If a project being the subject of one National Audit Office (NAO) report is a misfortune, and of two careless, what does it mean when it reaches a third?
It was “a display of scant regard for protecting public money,” according to the NAO, whose normally clipped language was noticeably absent from a scathing report last week on the Rural Payments Agency (RPA).
The agency has provided a masterclass in government IT mismanagement. Set up to administer payments to farmers under the Common Agricultural Policy in 2005, the RPA has had three different chief operating officers overseeing the scheme. The agency has incurred £680m of unforeseen costs since 2005, and faces further fines from the EU if its system fails. It costs six times as much to administer payments through RPA as it does in Scotland – £1,700 per claim.
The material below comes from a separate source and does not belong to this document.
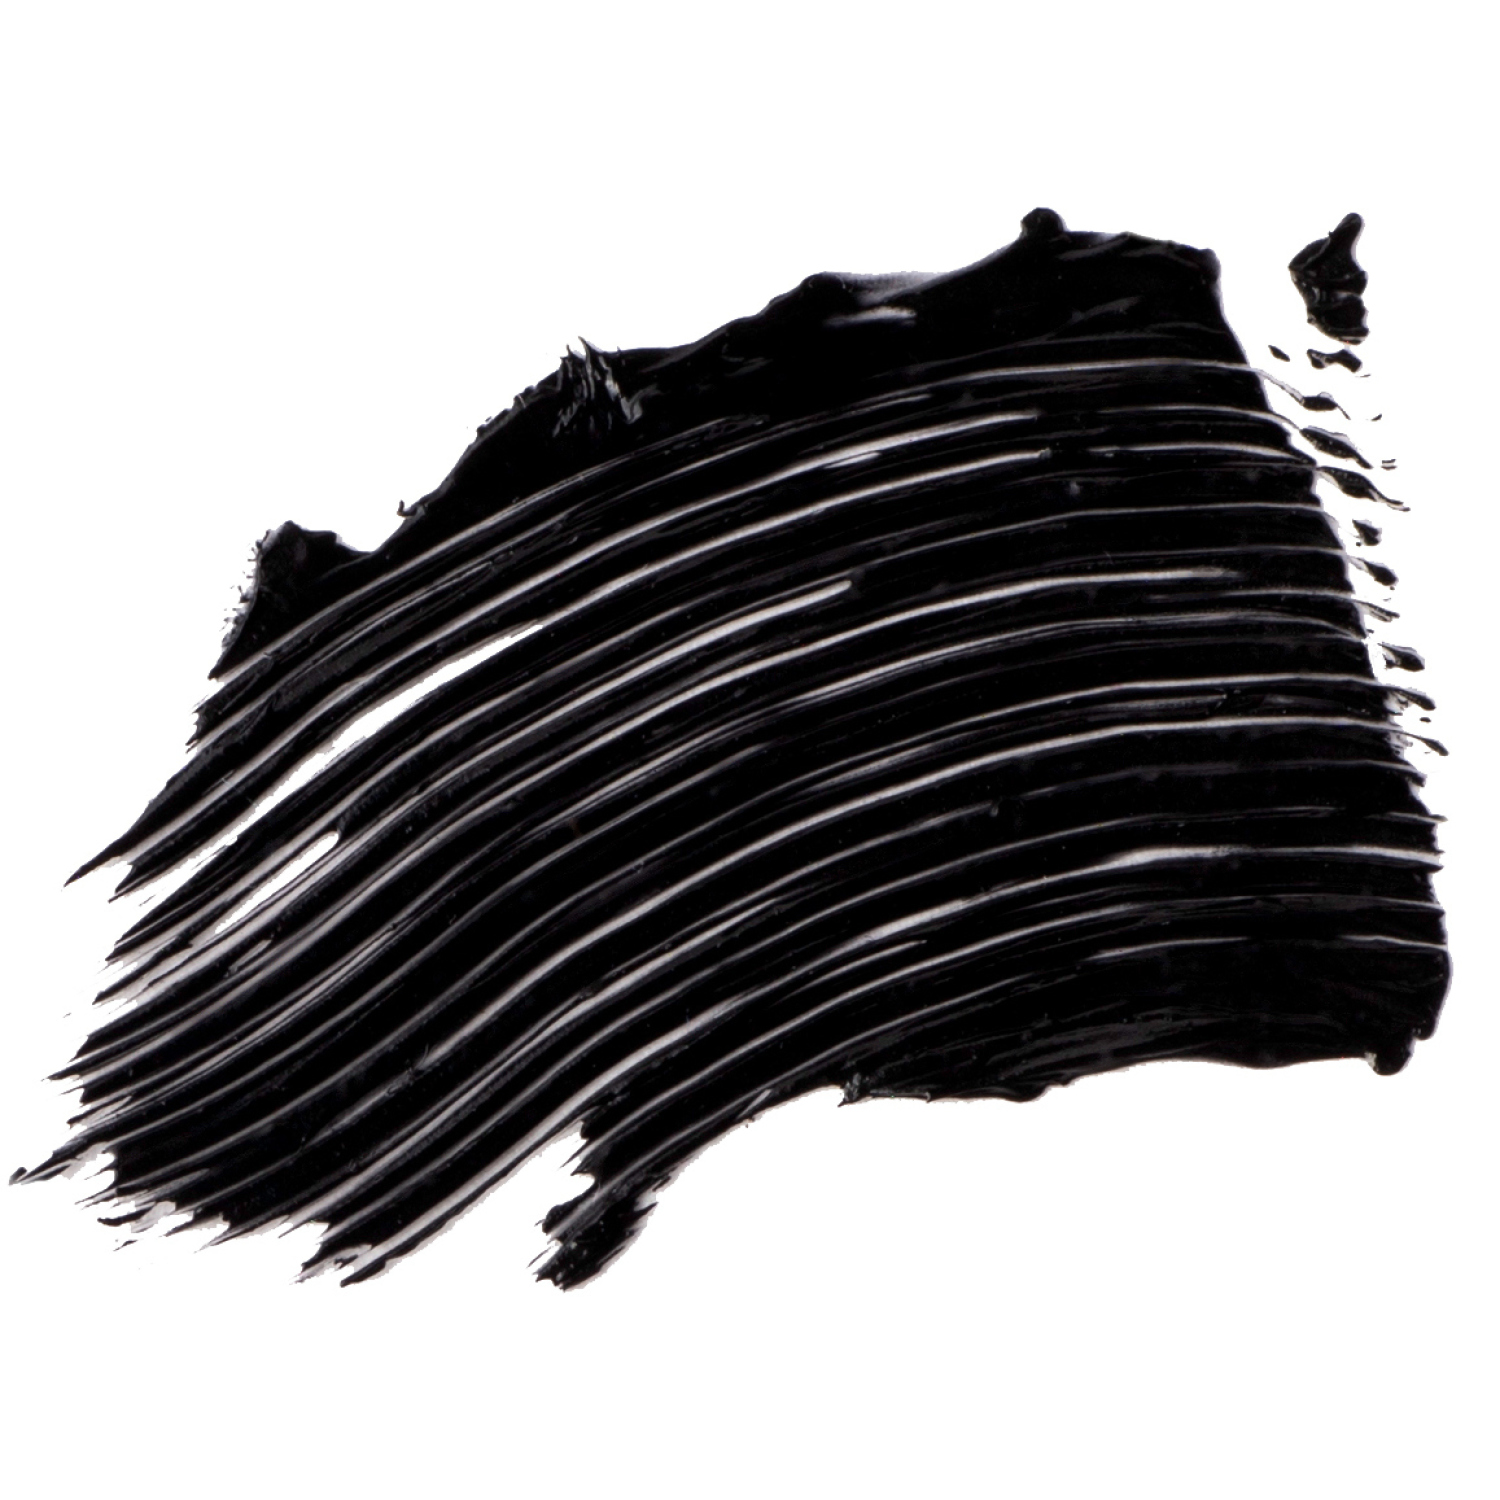 Тушь для ресниц Vivienne Sabo Cabaret Latex, влагостойкая, экстремальный объем, удлинение и разделение, пластиковая щеточка, тон 01, черная, 9мл, цвет черный - фото 3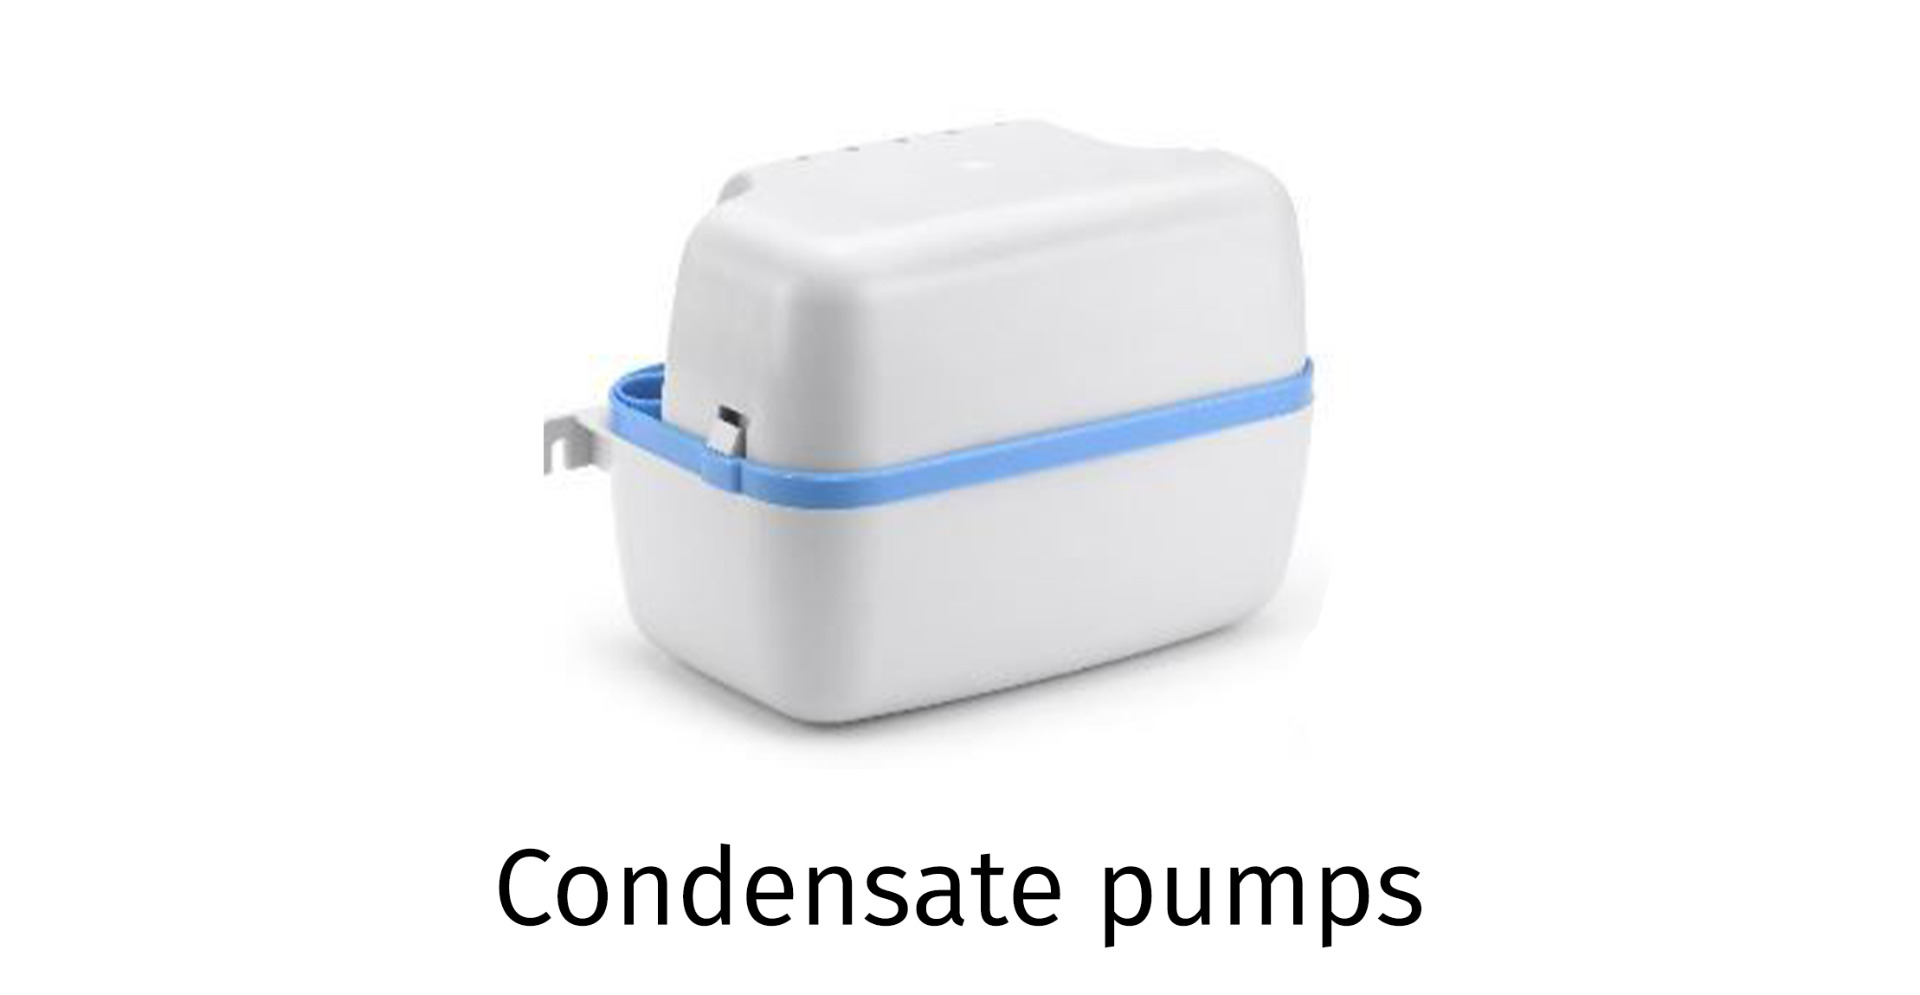 Condensate pumps

The IT systems for the scheme cost £350m and the main contractor Accenture has been paid £84m in the last two years, more than double the original £36m forecast. So what went wrong?
When the system was introduced it was rushed in an overly tight time frame – putting pressure on systems and staff.
It was also task based – different people worked on different parts of a case. The idea was to generate efficiency savings, but this failed because of communication issues. As part of a review in 2007, this was changed to a case-based approach, but problems persist.
Subsequent changes to the software were invasive – around a third involved changing the source code. And mistakes in data are embedded and difficult to root out, according to Philip Gibby, director of Defra value for money studies at the NAO.
“Each year the same inaccurate data is processed again and each year mistakes in payments come through,” he said.
The number of overpayments is uncertain, but the NAO estimates they total between £55m and £90m.
In 2007, analyst Gartner recommended an overhaul of the system, but changes made since then have not been recorded properly. “Records haven’t been made of changes to the systems, so nobody knows what’s been done,” said Gibby.
These changes going unrecorded risks tying the agency into support contracts with suppliers, because the system is so bespoke that others would not be able to take over its operation. “It will be difficult to move away from those contractors,” said Gibby.
The NAO recommends the agency look at scrapping the IT system completely, but this is difficult because under EU law the RPA must continue to process payments while purchasing a new system – raising the possibility of having two systems on the books at once.
Even though the project was triggering alarms inside the RPA in 2008, 13 out of 15 reports sent to the Department for Environment, Food and Rural Affairs (Defra) were “green lights”.
Defra is conducting a review of the scheme and officials will be hauled before the Public Accounts Committee later this month.
But action is needed soon. If the current creaking system did stop working – a situation the NAO does not rule out – and payments were not made, the department would face EU fines as high as £6bn.
A tale of delays, mispayments and spiralling costs
In 2005, the single payments scheme was introduced as part of reforms to the EU
Common Agricultural Policy to pay subsidies to farmers based on land area. The
Rural Payments Agency (RPA) was set up to deliver the payments.
A year later, the agency experienced difficulty in processing payments on time and was fined by the EU. The problems generated a backlog of work that it struggled to clear.
In 2007, payments were being made on time, but of the wrong amounts. The RPA has set aside £290m in anticipation of further EU fines for these mistakes. A review by Gartner recommended a new system but the agency decided to upgrade instead. It has since spent £130m on IT upgrades, but payments are still inaccurate and expensive to process, according to the NAO.